The North Uist can be reached by riding a ferry from Uig on Skye to Lochmaddy. This island is located at the center of the Outer Hebrides. The Hebrides contain more than 40 islands. North Uist is popular for walkers, bird watchers, cyclists, and motor homers.
The South Uist is known for its mountain scenery. The place is populated with different kinds of craft shops and cottage museums. The place is also known for fishing and bird watching.
6. Isle of Harris & Lewis
These islands are known as “The Long Islands”: as they stretch to 100 miles. The Isle of Harris is joined to the Isle of Lewis and are separated by a short border. These islands are known for attracting visitors for their seemingly beautiful wildlife, sporting adventures, boat trips, historical attractions, and the deserted, powder-white sand beaches.
Drive to Luskentyre, an extensive, long golden sand beach with clear and fresh turquoise Atlantic waters and a completely isolated environment. The Isle of Harris is a destination designed to rest, to forget schedules and duties, and give yourself a few days without tasks to do, with no more obligation than to enjoy every minute you spend there.
Seeking for a great place to escape the bustle of the city and spend some time in the wild? Lickisto Blackhouse is the place to be. The camp site is located in a natural landscape on the east coast Harris Island of Scotland overlooking the Minch. The campsite is made of unique temporary accommodation units called yurts. The guests also have access to the “Blackhouse”, a permanent stone hut where they can cook or hang out.
7. Back to the mainland
As you head towards home, you’ll go back to the Trossachs and throw a last glance at Loch Lomond. While looking back at the ferry rides, sandy beaches, the trekking and the Highland culture, you’ll realize you just experienced sheer magic.

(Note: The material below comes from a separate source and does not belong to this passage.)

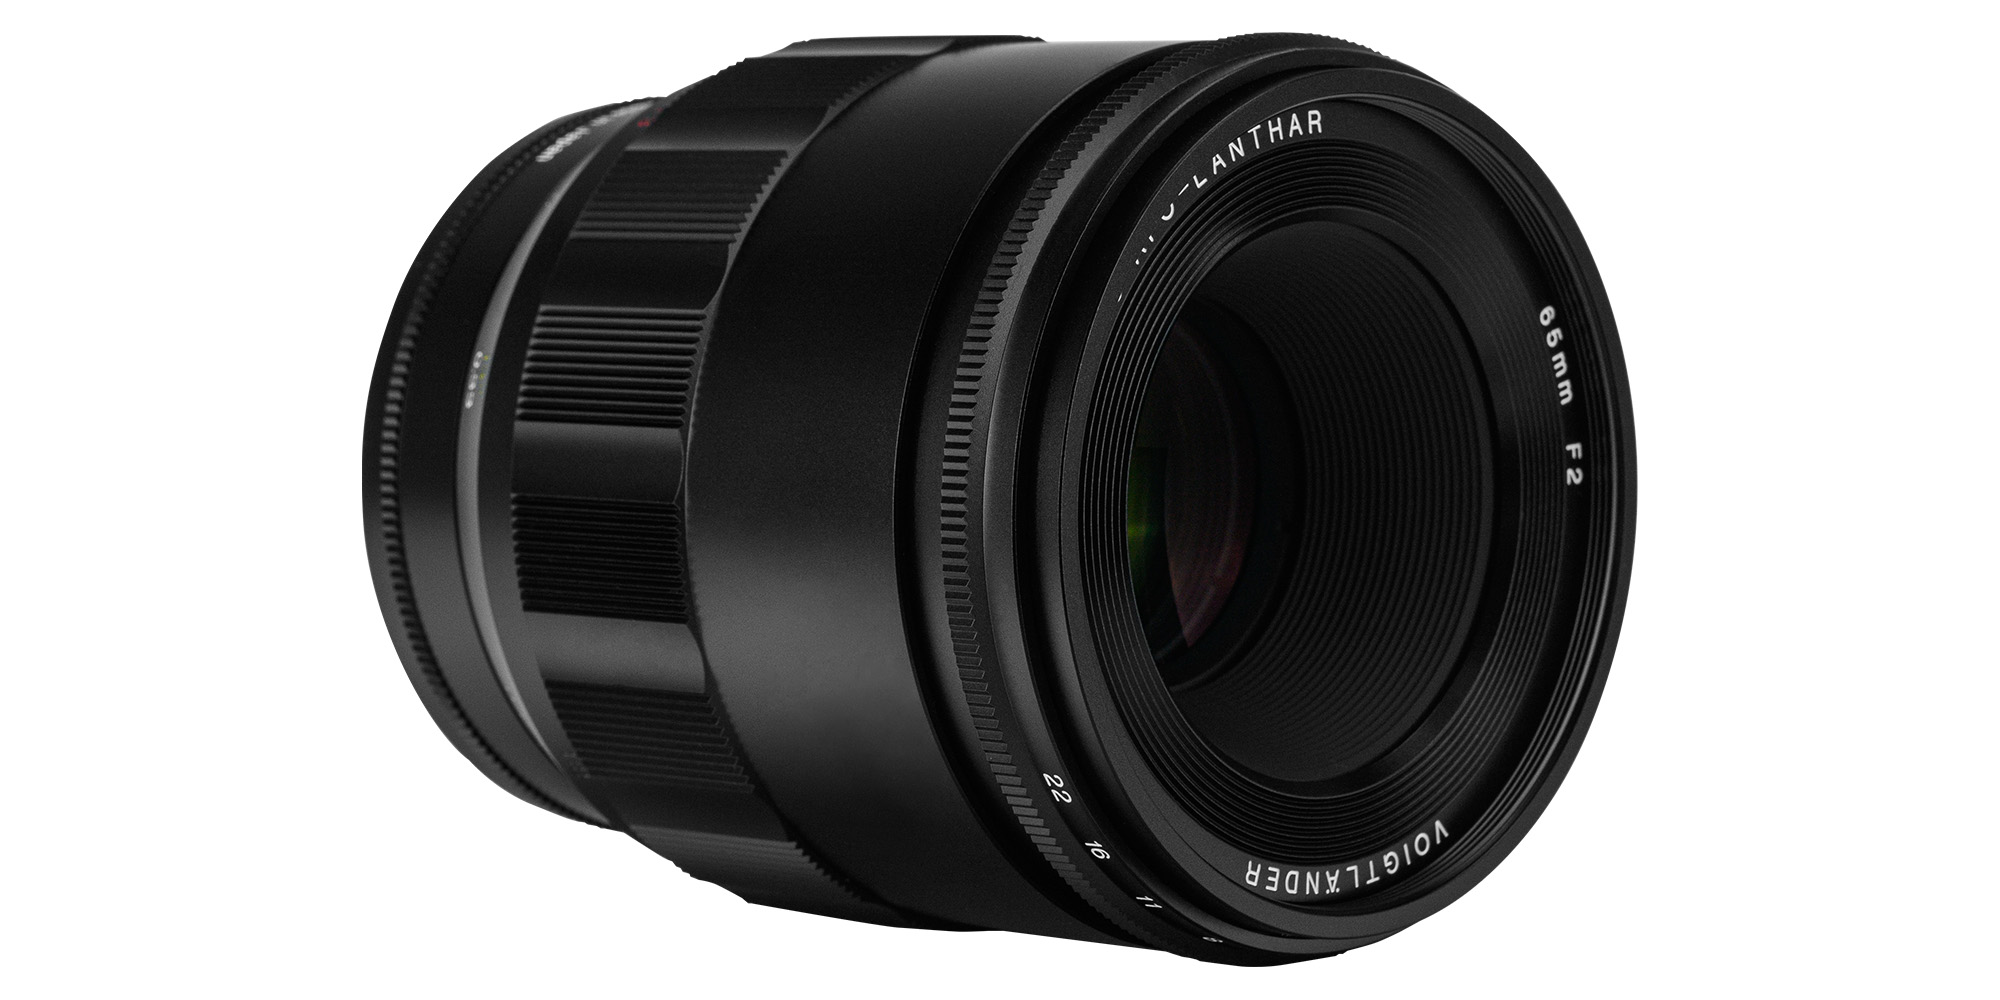 Voigtlander Macro APO Lanthar 65 mm f/2.0 lens for Nikon Z - Short tele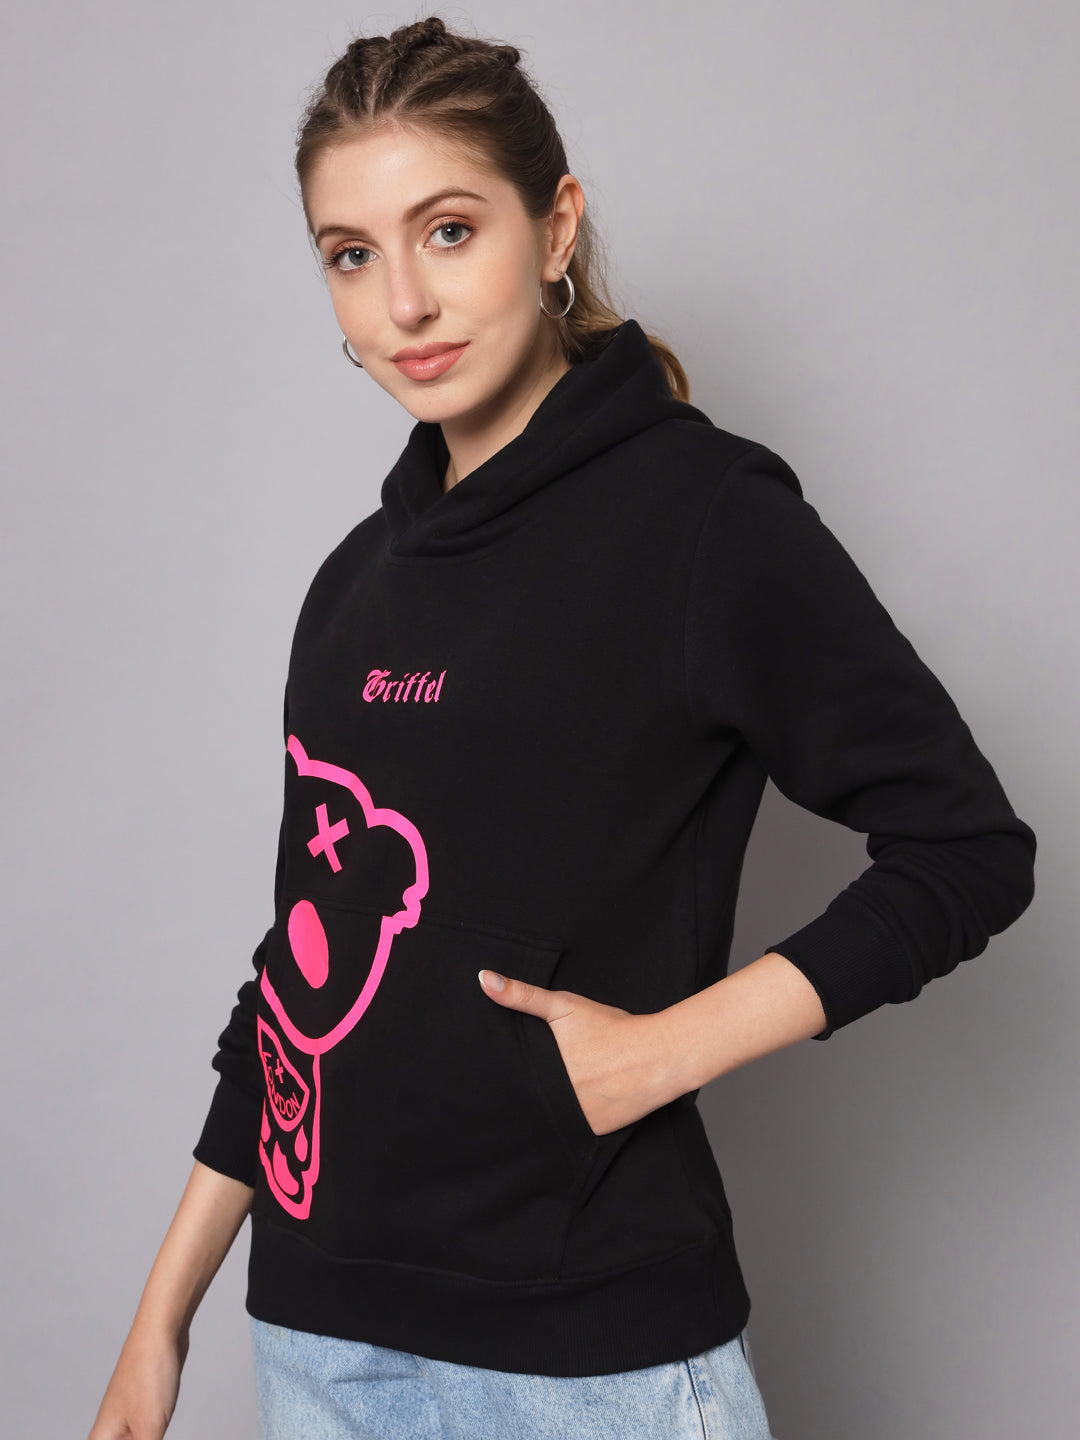 Griffel Women’s Cotton Fleece Full Sleeve Black Teddy Hoodie Sweatshirt - griffel

Download route on Google Maps
When to go?
The summer months of June, July and August are regarded as high season, and can be the best time to visit, although July and August also are the busiest period.
However, if you enjoy midge-free strolls, mild temperatures and long daylight, May and September are meant for you.
Haggis: the dish can be enjoyed in many shapes and forms. It is an aromatic dish containing sheep’s pluck, crumbled with onions, oatmeal, spices, and salts. The dish is traditionally wrapped in animal’s stomach, although the description may not sound appetizing the dish has an excellent aroma and delicious flavor.
The Hebrides is known for its unbeatable whisky distilleries like The Hebridean Brewing Company, Isle of Harris Distillery and also for one of the best Tea Stores: The Hebridean Tea Store
Braveheart. This award-winning story by Mel Gibson in 1995 covers a potent story of Scotland’s most famous freedom fighter “William Wallace”. In the film, the sublime Highland landscape was beautifully showcased. As soon as you enter the Scottish glens and mountains, you can imagine the swords, kilts, and the plucky Highlanders.